An interesting discussion of the "long tail" in sales over the internet (and the surprising ignorance of the meaning of the term among certain tech-heads) over at Language Log:
Language Log: The long tail: in which Gauss is not mocked, but TWiTs (and dictionaries) are
As Amazon and other internet retailers have demonstrated, long-tailed distributions of consumer demand -- in the sense of distributions where a large fraction of the probability mass is in the tail -- are a Good Thing for companies that can cope efficiently with orders for the very large array of books, CDs, movies and so on that are not among the top sellers. That's where Chris Anderson's Wired article "The Long Tail" starts. He claims that a much bigger fraction of the (potential sales) mass than you might think is out in the tails of the distribution of consumer demand, and he turns the phrase "long tail" into a bugle call for the redesign of post-modern life.
I note it here because it has a direct relation to what I was just talking about vis-a-vis webcomics.
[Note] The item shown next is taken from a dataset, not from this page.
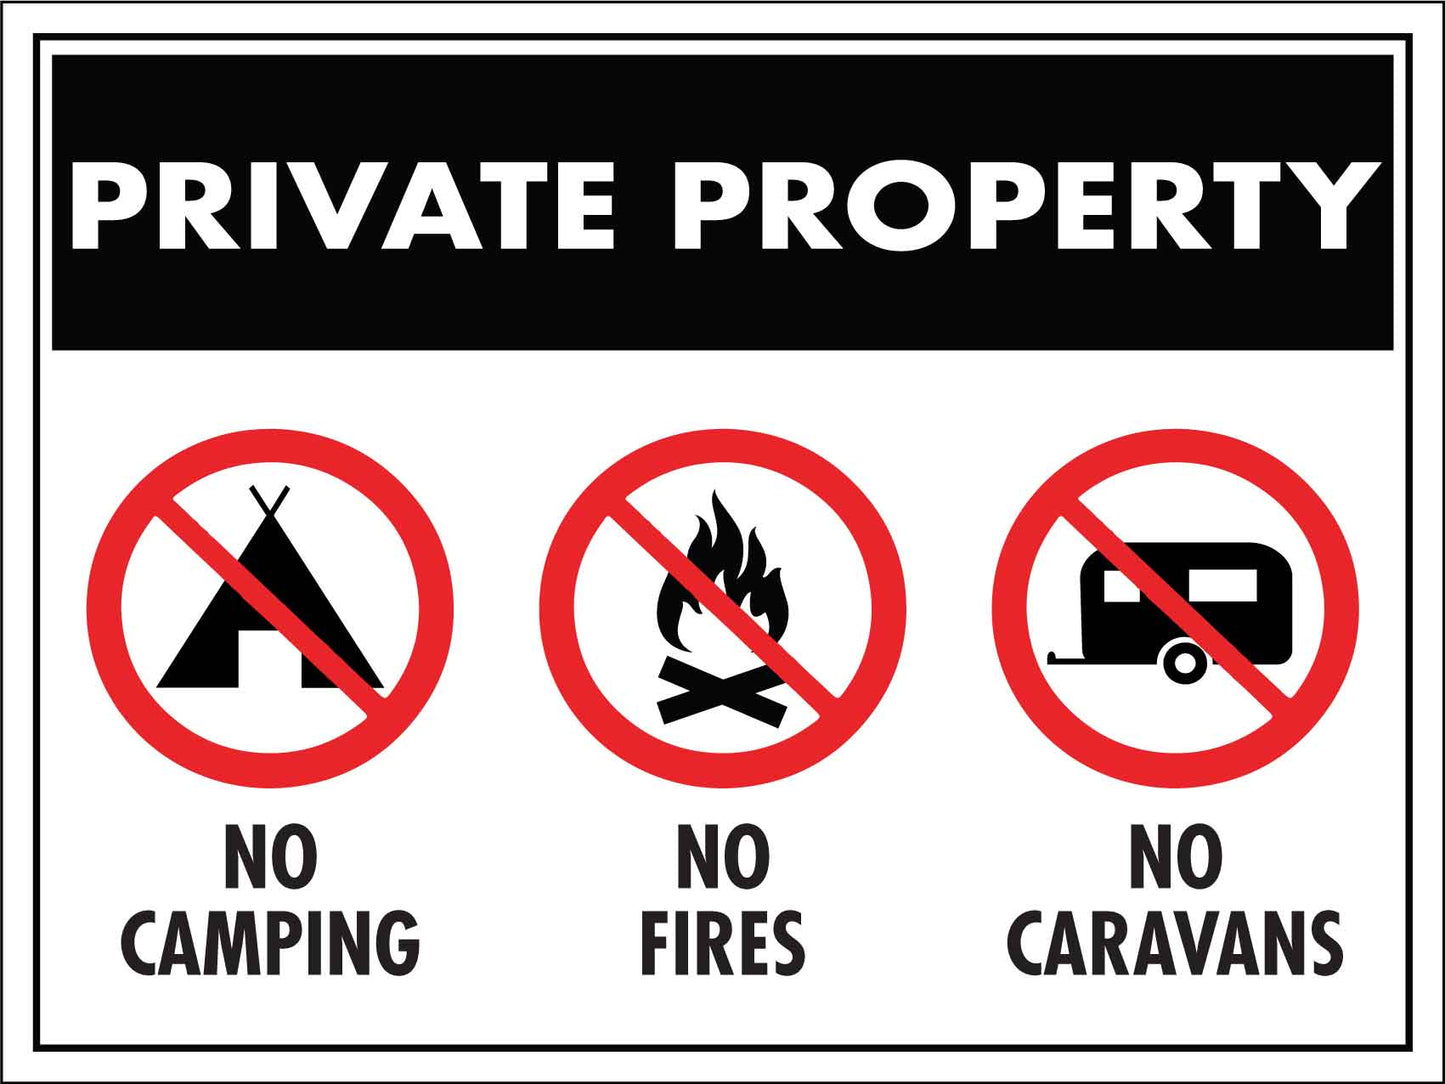 Private Property Camping No Camping No Fires No Caravans Sign

If you look at demand for comics as being such a curve, with the fat part of the curve being dominated by the big newspaper strips like Garfield or Doonesbury, and the rest of the world of comics trailing off to the right, appealing to smaller and smaller audiences you get the same situation as with books, DVD rentals or music. Without measuring, you don't know the exact size or shape of the tail, but would it surprise anyone to find out that it was "long" in the sense that a large part of the total demand fell in the tail of tinier and tinier niche comics?